Minimizing the distance to a finite set of points in the plane Let $A_1,A_2, \ldots ,A_n$ be a finite set of $n$ distinct  points in ${\mathbb Q}^2$. For any $\varepsilon >0$, let $B(A_i,\varepsilon)$ denote the closed ball with center $A_i$ and radius $\varepsilon$.  If we set
$$
I = \bigg\lbrace \varepsilon >0 \bigg| \bigcap_{k=1}^n B(A_k,\varepsilon) \neq \emptyset \bigg\rbrace 
$$
then clearly $I$ is a closed interval of the form $[\varepsilon_0,+\infty ($.
Is it true that $\varepsilon_0$ is always algebraic over $\mathbb Q$ ?
Is it true that $[{\mathbb Q}(\varepsilon_0):{\mathbb Q}]$ must always be a power of $2$ ?
 A: By Helly's Theorem, $\epsilon_0 = \max \epsilon_{i, j, k}$, where $\epsilon_{i, j, k}$ denote the corresponding value of '$\epsilon_0$' for just the points $A_i, A_j, A_k$.
For an obtuse triangle (or 3 collinear points), $\epsilon_0$ will be half of the longest distance, which is algebraic, and $[\mathbb{Q}(\epsilon_0) : \mathbb{Q}] = 1$ or 2 by the distance formula.
For an acute triangle, $\epsilon_0$ will be the circumradius. I don't know immediately what the cartesian coordinate formula is, but since it's just mid points and perpendicular bisectors, it will be constructible, and hence $\epsilon_0$ is algebraic. I believe your guess about power of 2 will follow from knowing the formula.

Edit: (Note: This paragraph is irrelevant, as there is a better approach using the circumradius directly.) From Wikipedia, you can obtain the Cartesian Coordinates, which only involve the coordinates and their squares.

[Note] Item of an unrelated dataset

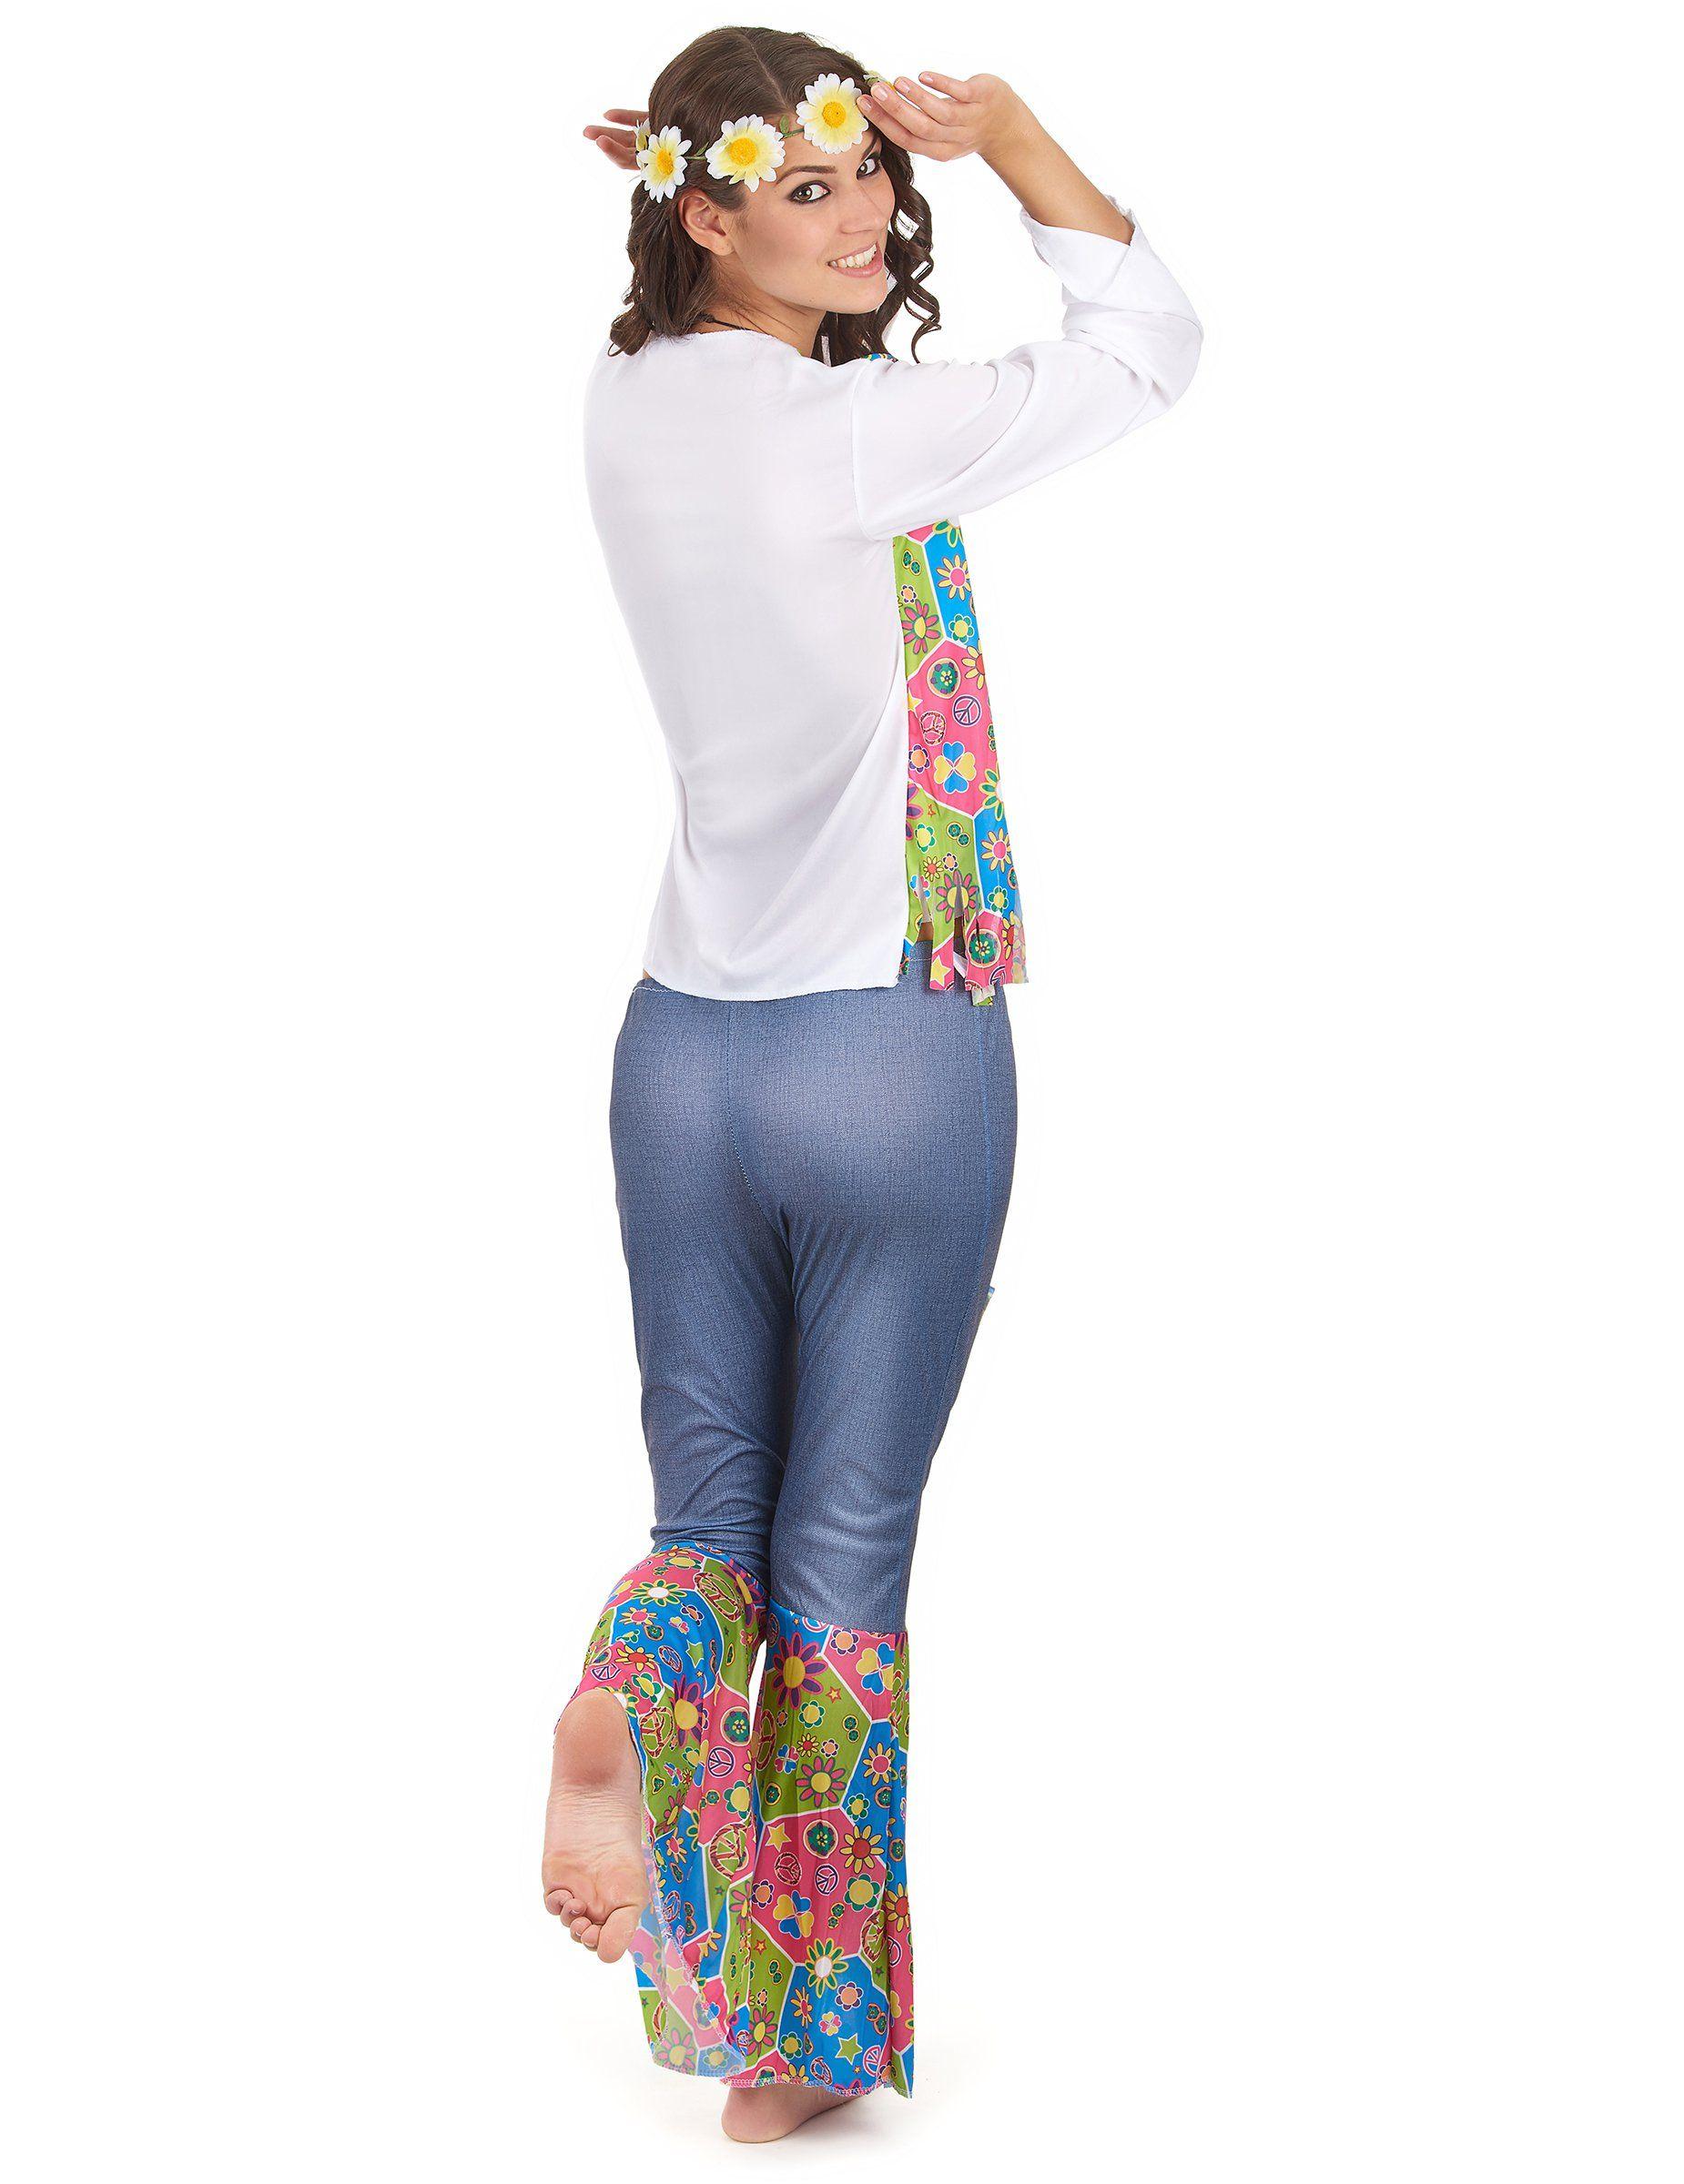 9b00657cec7 Disfraz hippie mujer-2 Disfraz Hippie Mujer, Ropa Hippie, Trajes Hippies,  Vestuario

This only gives the circumcenter. We still need to calculate the circumradius, but given the equations, we have $ \mathbb{Q}(\epsilon_0) \subset \mathbb{Q}[ \sqrt{A_x}, \sqrt{A_y}, \sqrt{B_x}, \sqrt{B_y}, \sqrt{C_x}, \sqrt{C_y}] $, where $A, B, C$ are the cartesian points of the triangle. Hence, this implies that $[ \mathbb{Q}(\epsilon_0) : \mathbb{Q}] = 2^n$, where $n$ is an integer from 0 to 6 for the triangle (and hence general case). We may additionally assume that $(A_x, A_y) = (0,0)$ since we can translate otherwise, which shows that it $n\leq 4$.
Alternatively, use the Euclidean geometry expression that 
$$R = \frac {abc}{\sqrt{(a+b+c)(a+b-c)(a-b+c)(-a+b+c)}} = \frac {abc} {\sqrt{2a^2b^2 + 2b^2 c^2 + 2c^2 a^2 - a^4 -b^4 - c^4}} = \frac {abc}{4S}$$ 
where $a, b, c$ are side lengths of the triangle. $a^2, b^2, c^2$ are all rational by the distance formula, so $R^2 \in \mathbb{Q}$, shows that the degree of the extension is at most 2.
Edit: The first paragraph should have been max, instead of min. I can explain this in slightly more detail if you need.
Edit: For the obtuse triangle case, we have $\mathbb{Q}(\epsilon_0) = 1, 2$ directly from the distance formula of 2 points $\sqrt{X^2 + Y^2}$.